Most residents of the city-state live in tidy, subsidized highrises. Unless, of course, you happen to be one of the foreign workers who helped build them.
A public housing highrise in the Ghim Moh section of Singapore.
A public housing highrise in the Ghim Moh section of Singapore. Courtesy NFB

A typical drive through Singapore offers an almost continuous view of orderly and largely uniform highrise apartment buildings. Residents’ clothes dry in the hot, damp air on retractable hangers protruding from windows. These public housing estates, called HDBs, are generally offered at lower prices than private property and are home to more than 80 percent of Singaporeans. While some are fancier than others—one near the Central Business District, the 50-story Pinnacle@Duxton, boasts the “world’s longest sky gardens”— most, if not all, like Singapore itself, are extremely well-kept.
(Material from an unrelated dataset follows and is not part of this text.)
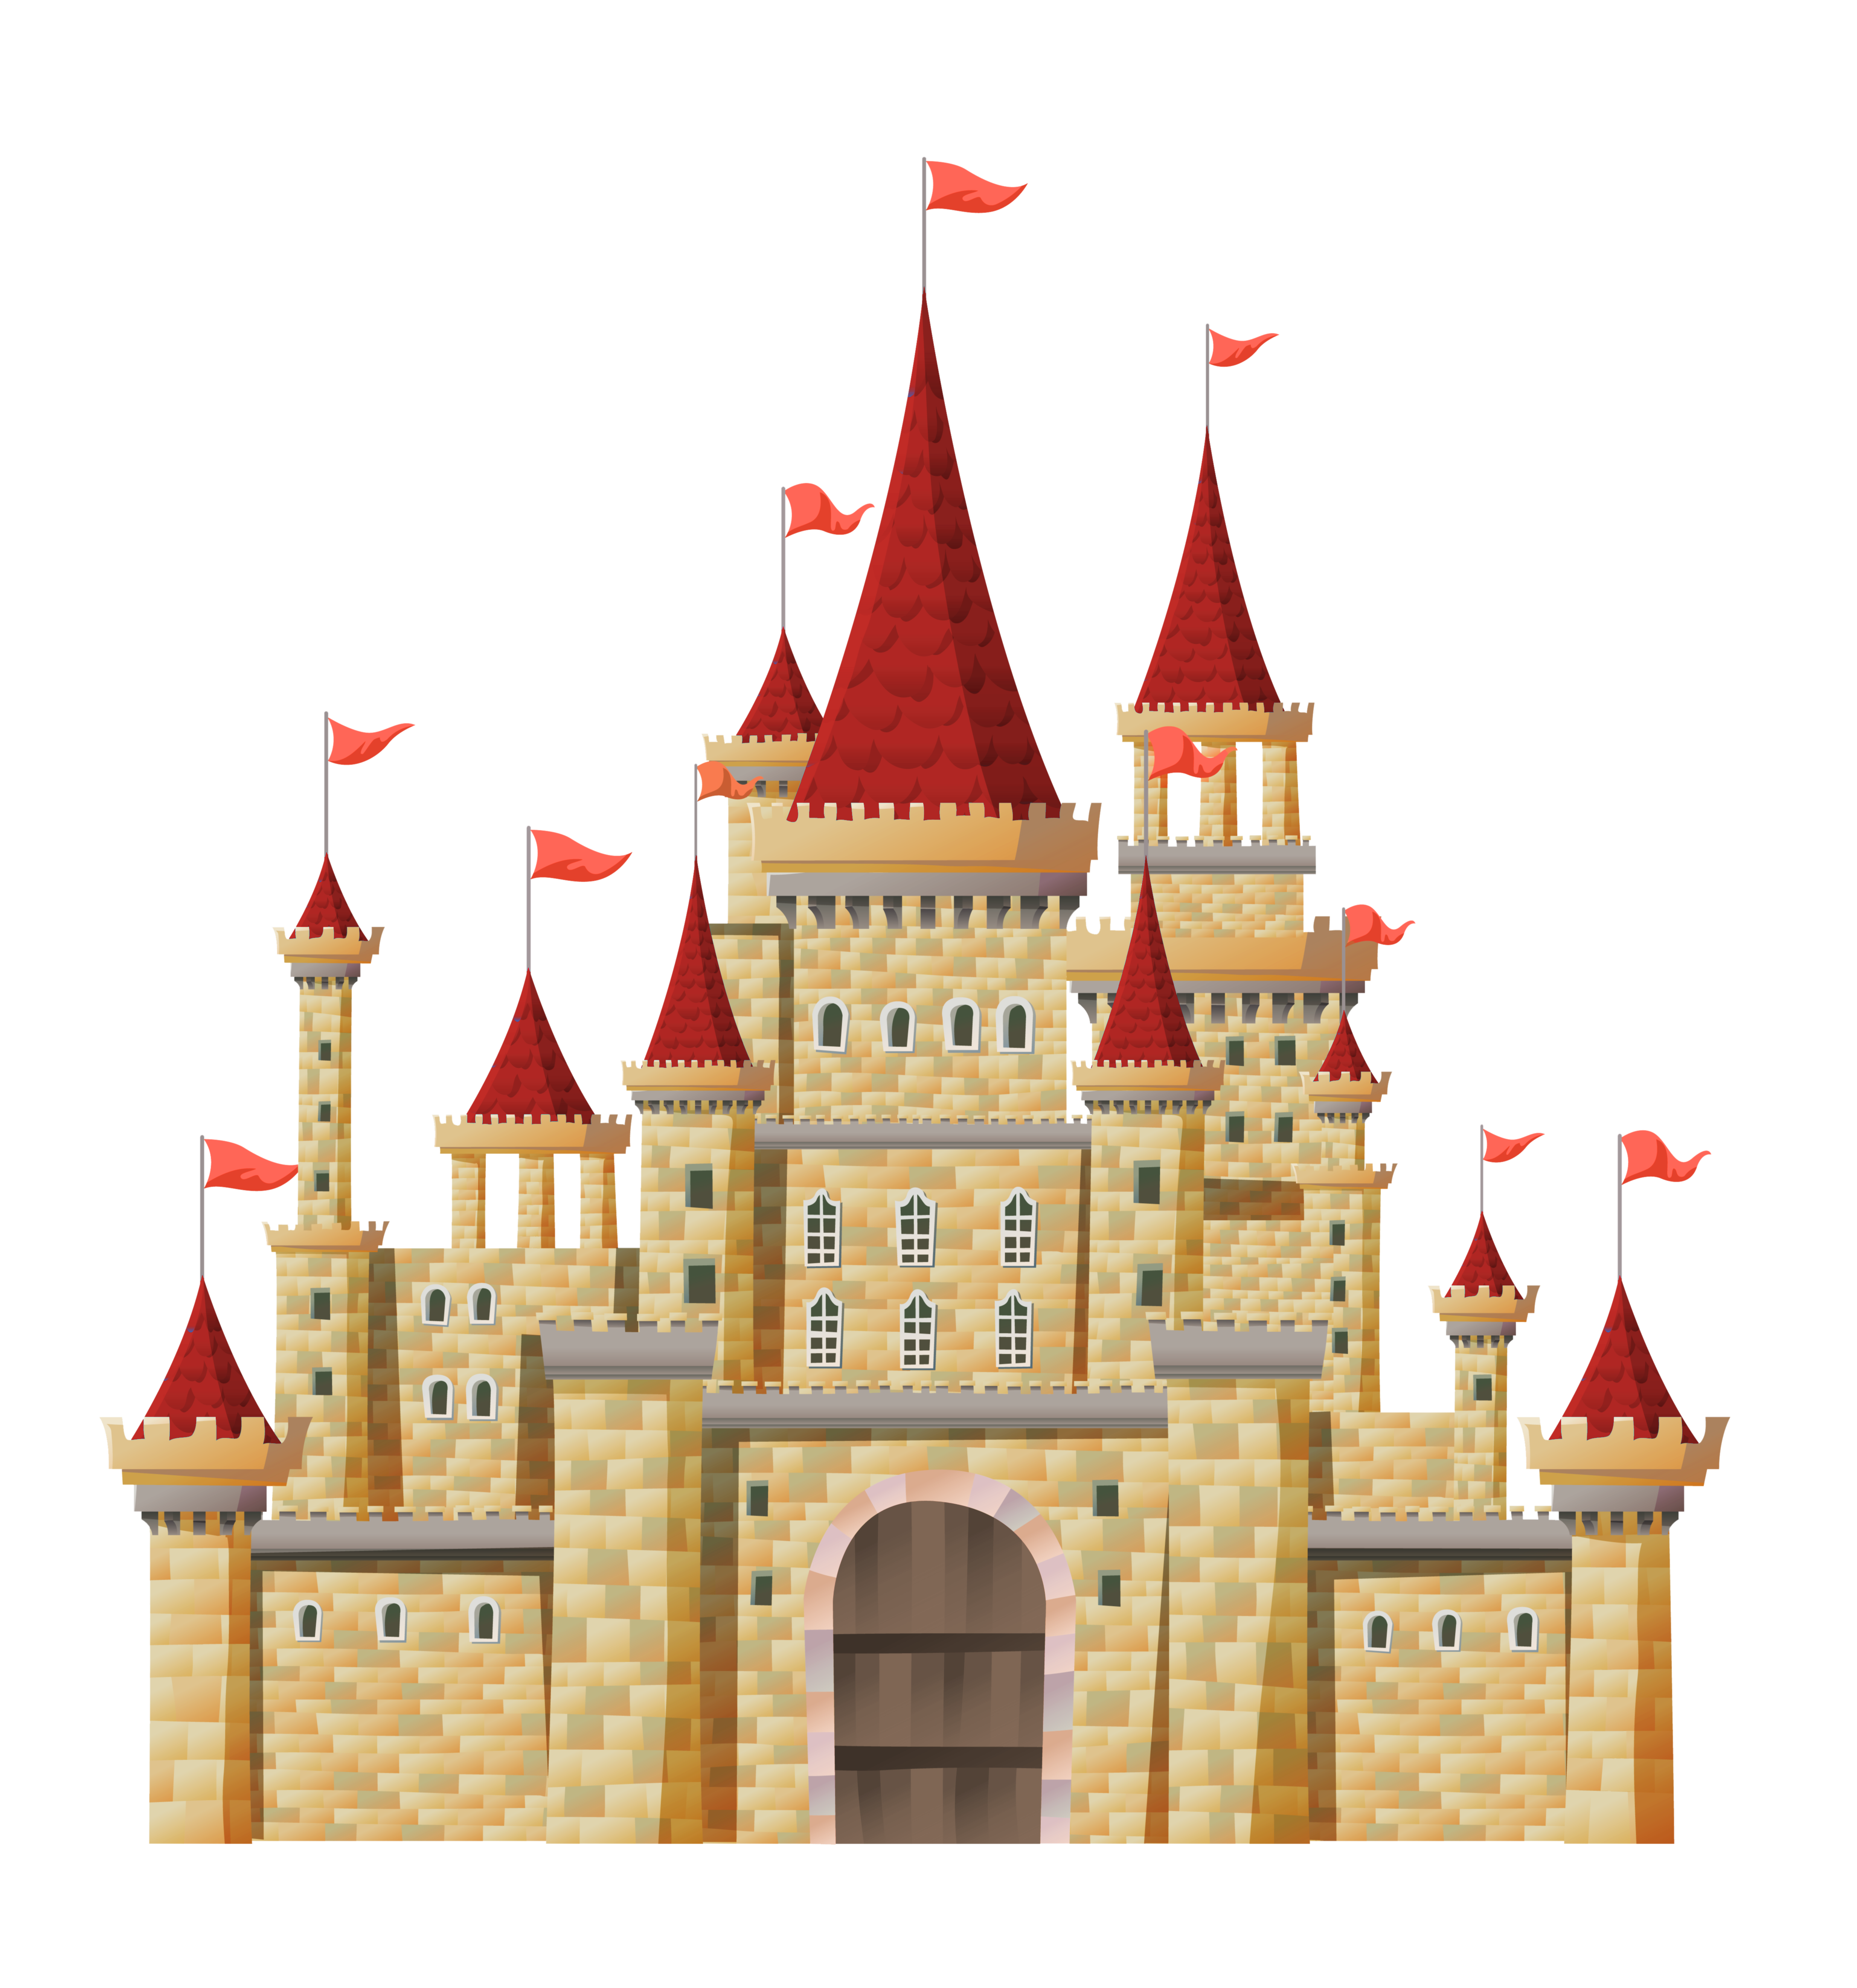 Clip art library . Palace clipart castle welsh

The people responsible for constructing these very Singaporean dwellings are overwhelmingly male migrant workers. These low-wage manual laborers, along with female migrant workers who tend to work in domestic capacities, today make up nearly one-fifth of the total population of Singapore, according to Jolovan Wham, the executive director of the Humanitarian Organization for Migrant Economics, or HOME. Most hail from Malaysia, China, Bangladesh, India, and other Asian countries.